Required action: With the pictures excluded, reproduce all of the data exactly.

Collected data:
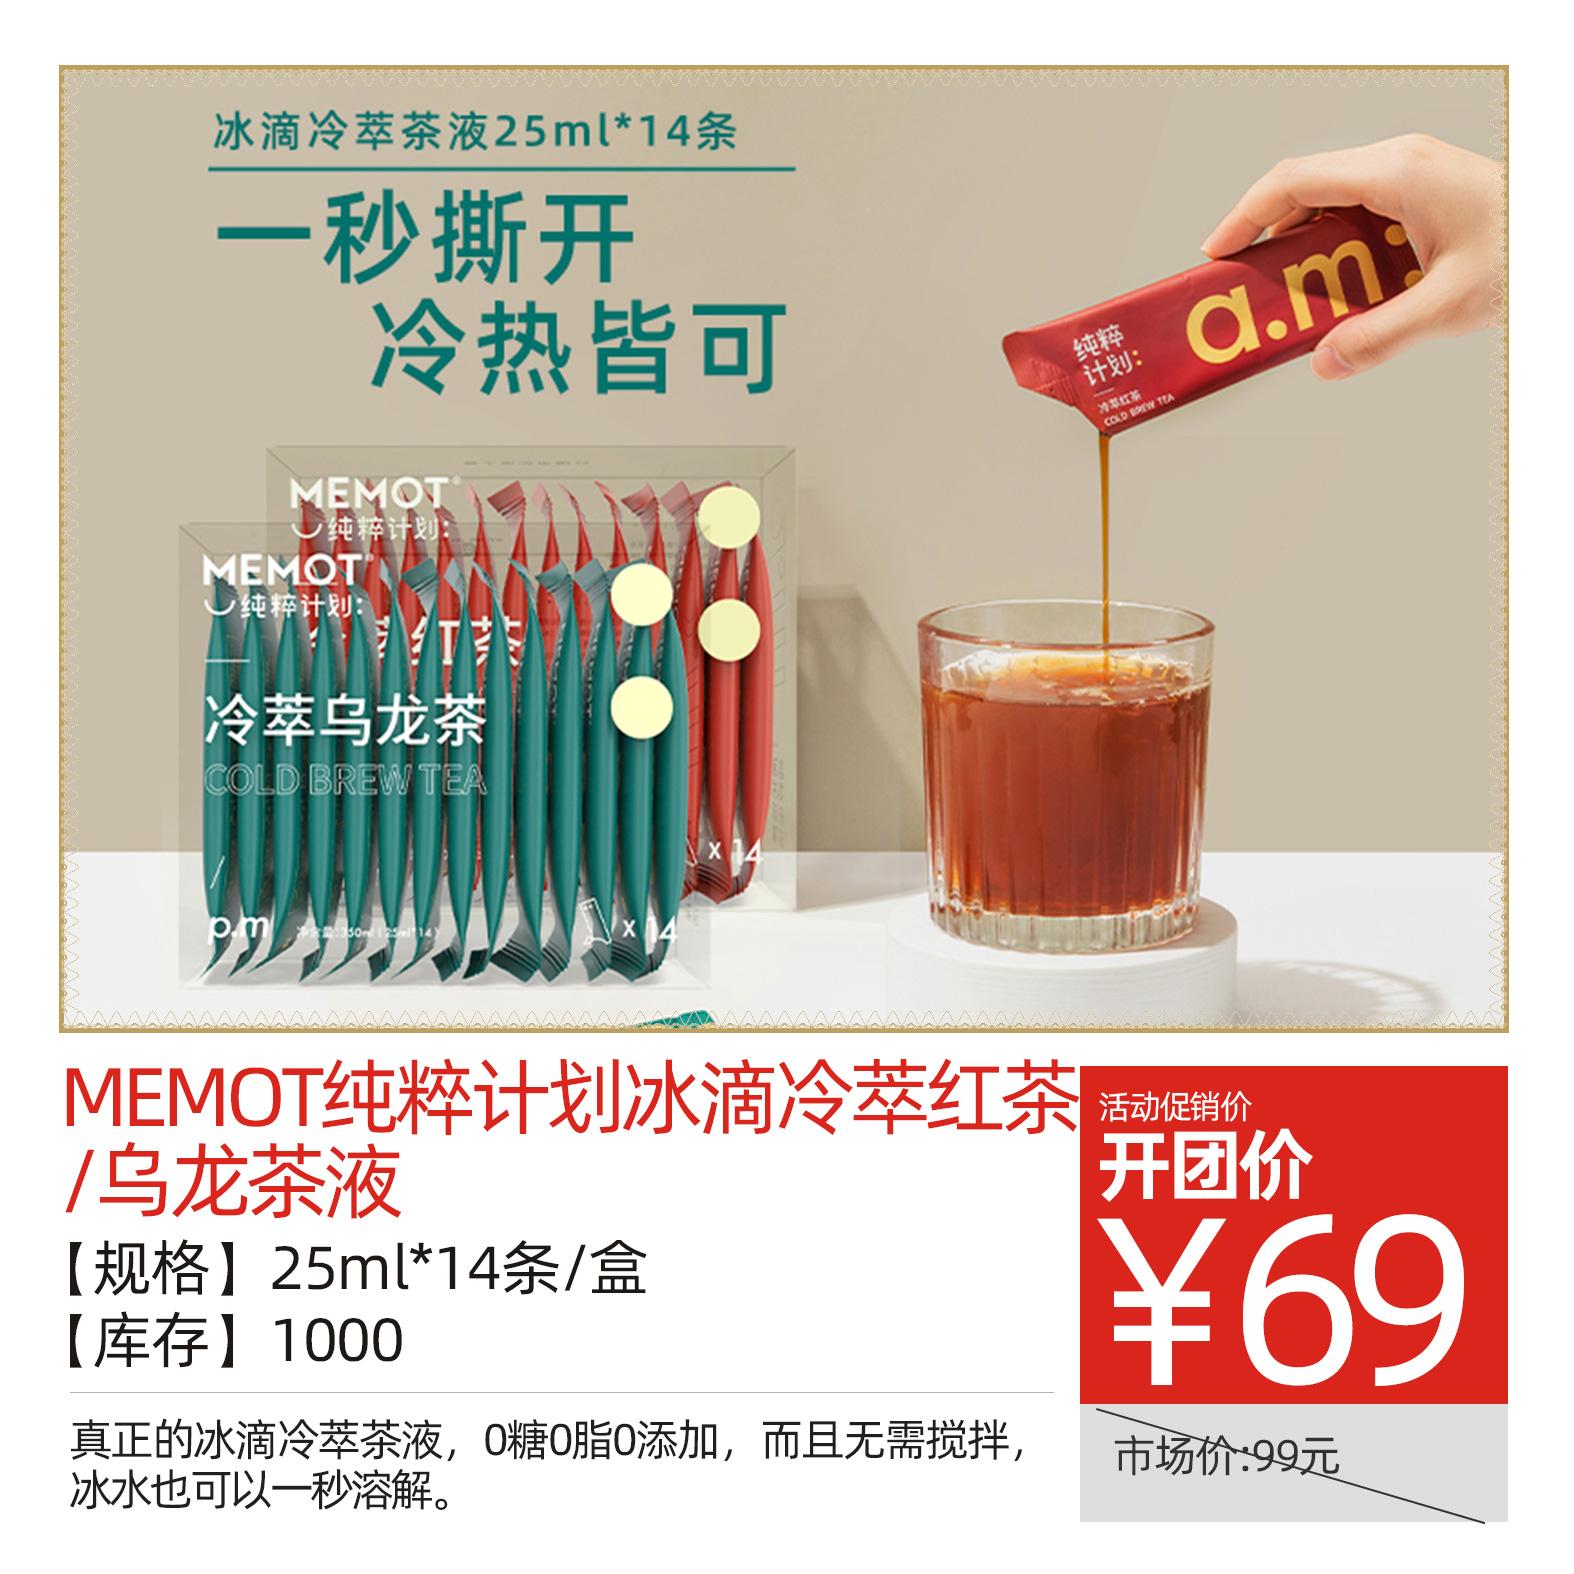 memot纯粹计划冰滴冷萃红茶/乌龙茶液
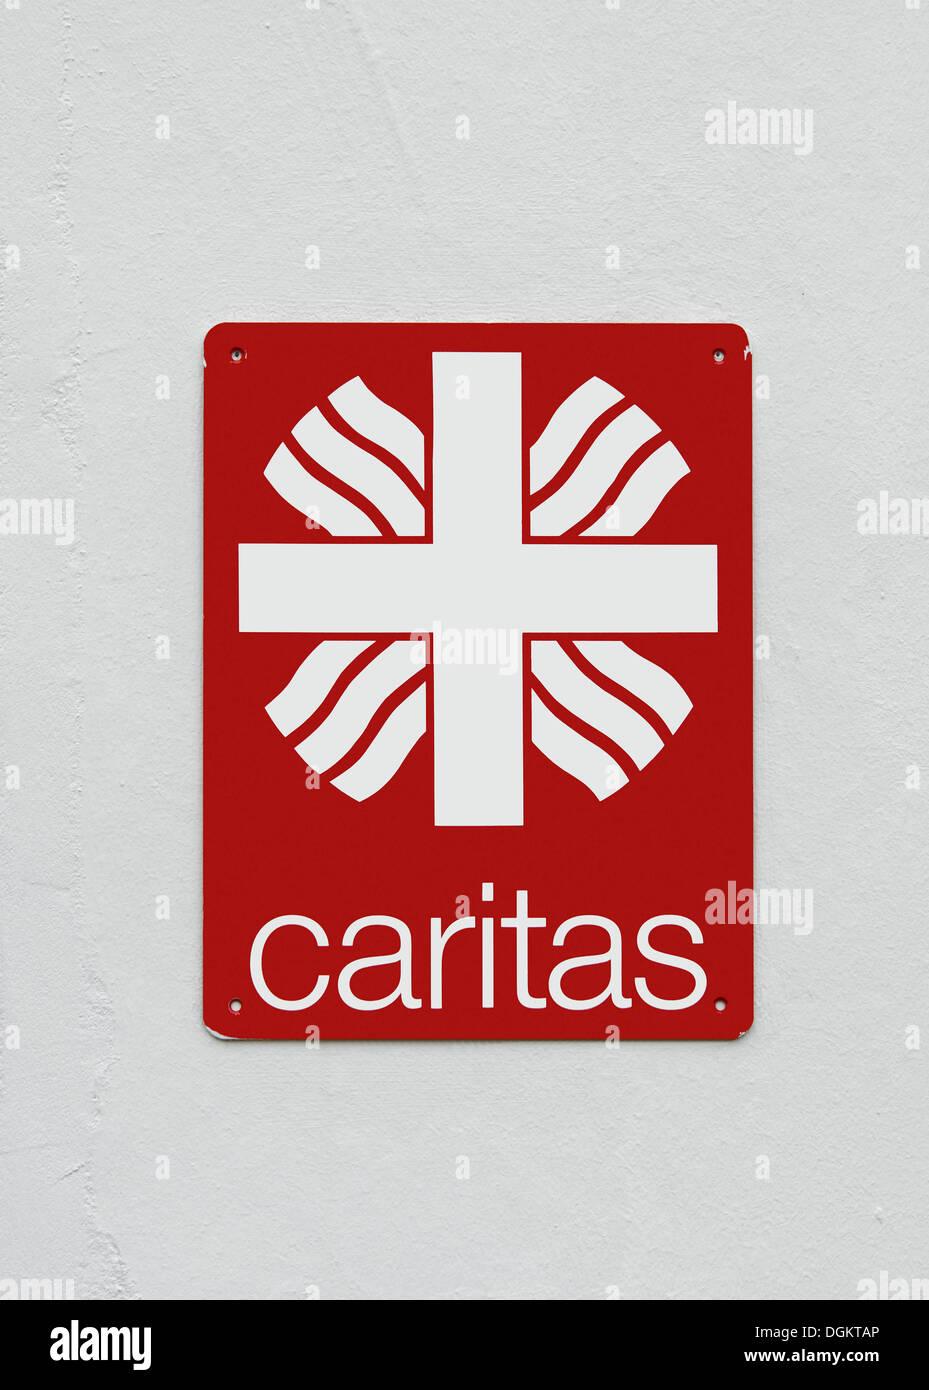 Sign, logo of Caritas, on a white wall, Deutscher Caritasverband e.V., Roman Catholic Caritas charity, PublicGround - Stock Image
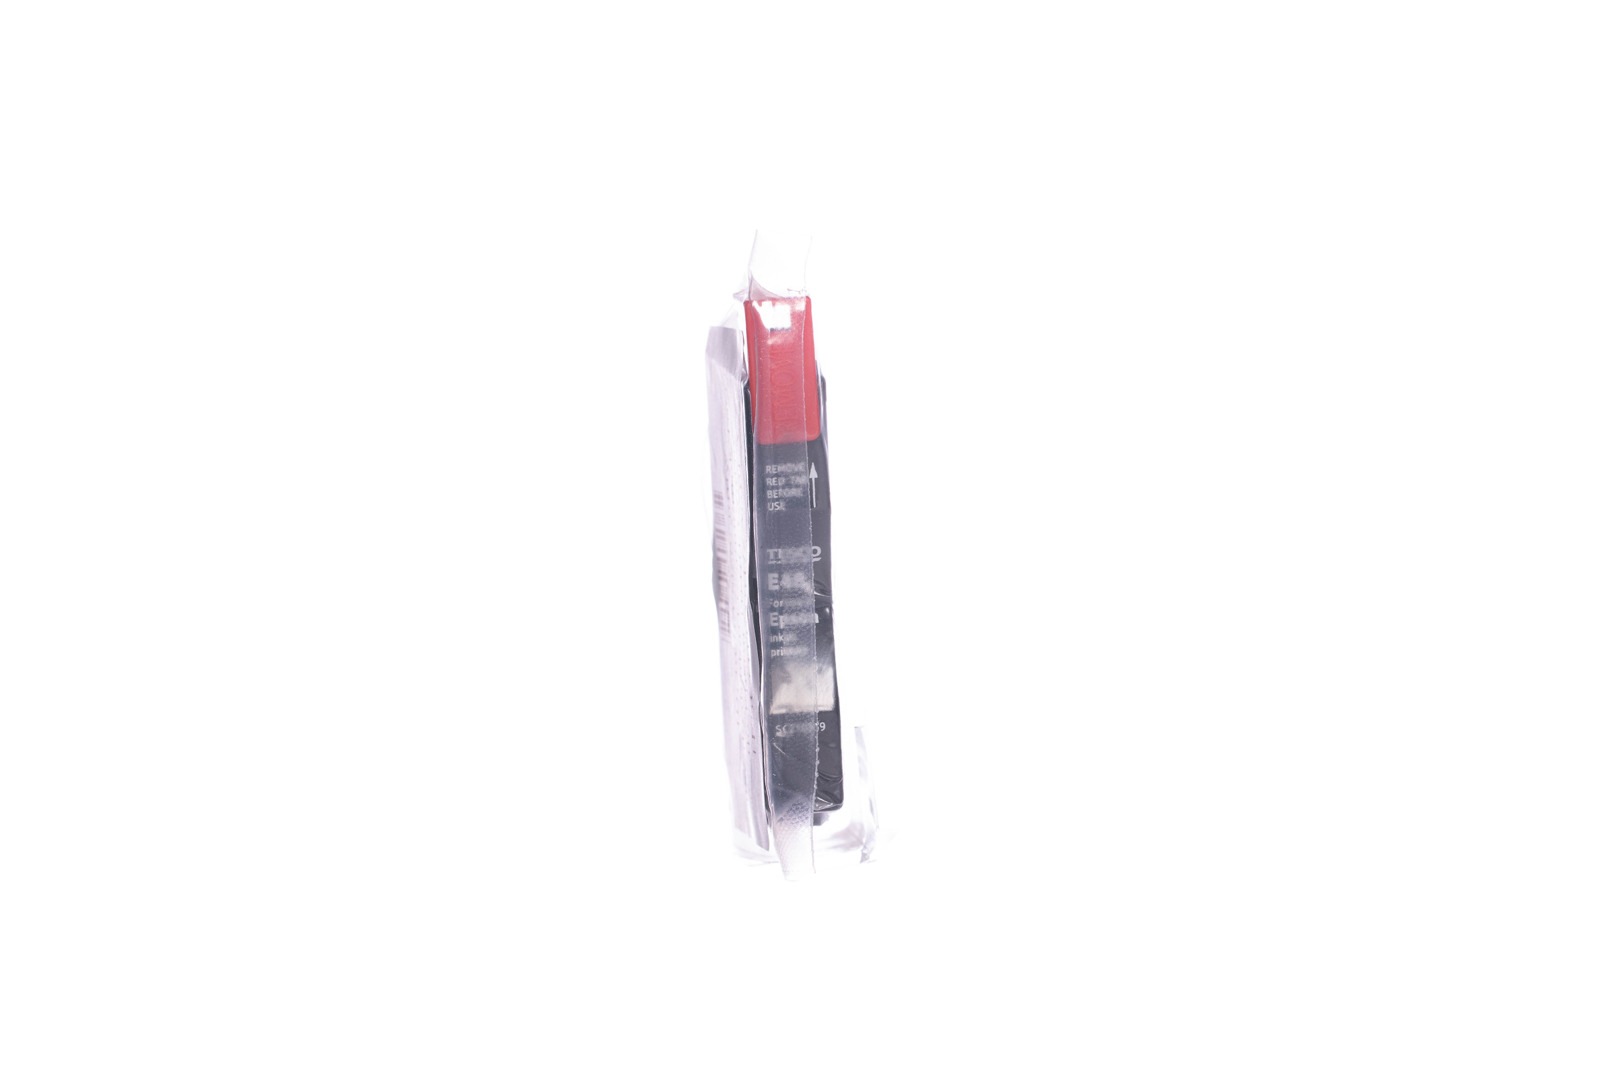 Remanufactured Ink cartridge Tesco Epson T1802 Cyan

Written answer:
 memot纯粹计划冰滴冷萃红茶/乌龙茶液
 Sign, logo of Caritas, on a white wall, Deutscher Caritasverband e.V., Roman Catholic Caritas charity, PublicGround - Stock Image
 Remanufactured Ink cartridge Tesco Epson T1802 Cyan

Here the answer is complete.